Best practices
Refer to these best practices when using Cloud Data Ingestion.
Understanding the UPDATED_AT column
UPDATED_AT is relevant for data warehouse integrations only, not for S3 syncs.
In your initial setup, you created the UPDATED_AT column in your table or view. Each time a sync runs, Braze looks for rows that have not previously been synced by using this column. Any rows where UPDATED_AT is later than the last UPDATED_AT timestamp from the previous successful sync run will be selected and pulled into Braze.

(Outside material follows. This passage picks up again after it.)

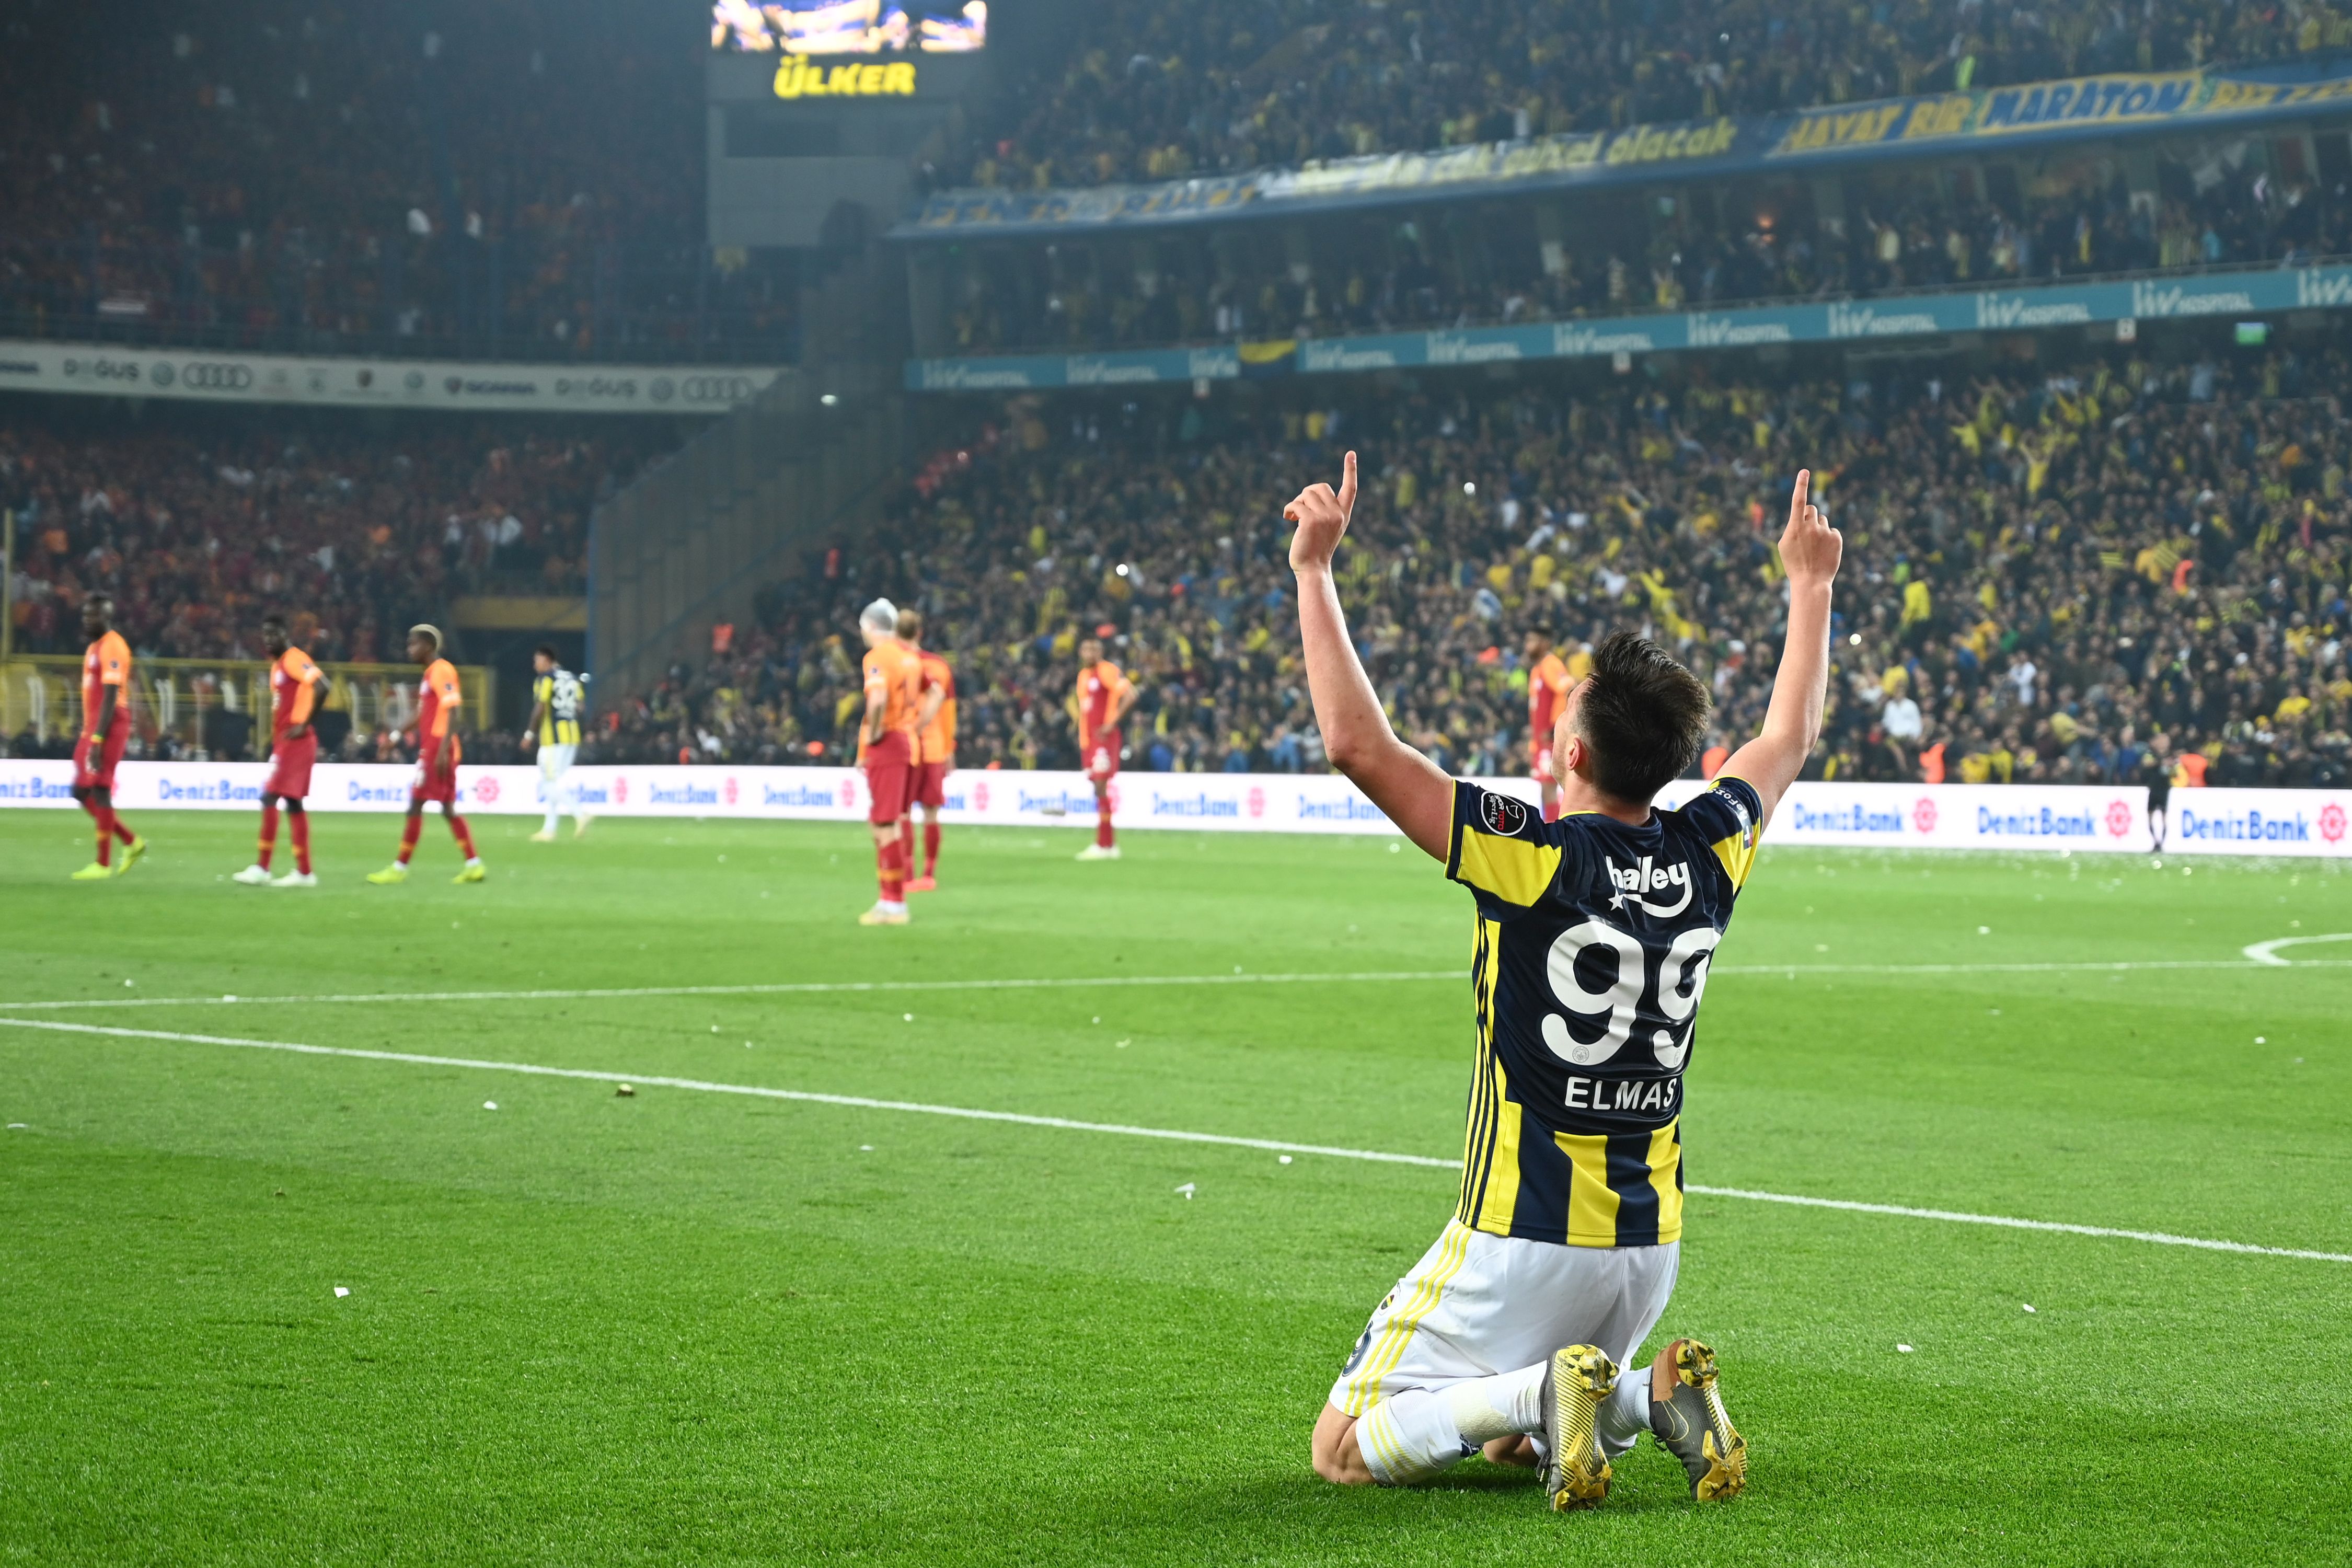 Fenerbahce's Macedonian midfielder Eljif Elmas celebrates after scoring a goal during the Turkish Super league football match between Fenerbahce and Galatasaray on April 14, 2019 at the Fenerbahce stadium in Istanbul. (Photo by OZAN KOSE / AFP)        (Photo credit should read OZAN KOSE/AFP/Getty Images)

Braze CDI will sync rows strictly based on the UPDATED_AT value, regardless of whether the row content is the same as what’s currently in Braze. Given that, we recommend using UPDATED_AT properly to only sync new or updated data to avoid unnecessary data point usage.
Example: Recurring sync
To illustrate how UPDATED_AT is used in a CDI sync, consider this example recurring sync for updating user attributes:
Recurring sync, first run on July 2, 2022 at 12 pm
| UPDATED_AT | EXTERNAL_ID | PAYLOAD |
|---|---|---|
2022-07-17 08:30:00 |
customer_1234 |
{ “attribute_1”:”abcdefg”, “attribute_2”: { “attribute_a”:”example_value_1”, “attribute_b”:”example_value_1” }, “attribute_3”:”2019-07-16T19:20:30+1:00” } |
2022-07-18 11:59:23 |
customer_3456 |
{ “attribute_1”:”abcdefg”, “attribute_2”:42, “attribute_3”:”2019-07-16T19:20:30+1:00”, “attribute_5”:”testing” } |
2022-07-19 09:07:23 |
customer_5678 |
{ “attribute_1”:”abcdefg”, “attribute_4”:true, “attribute_5”:”testing_123” } |
All rows are synced because this is the first run for the sync. The last UPDATED_AT for this sync is now set at 2022-07-19 09:07:23.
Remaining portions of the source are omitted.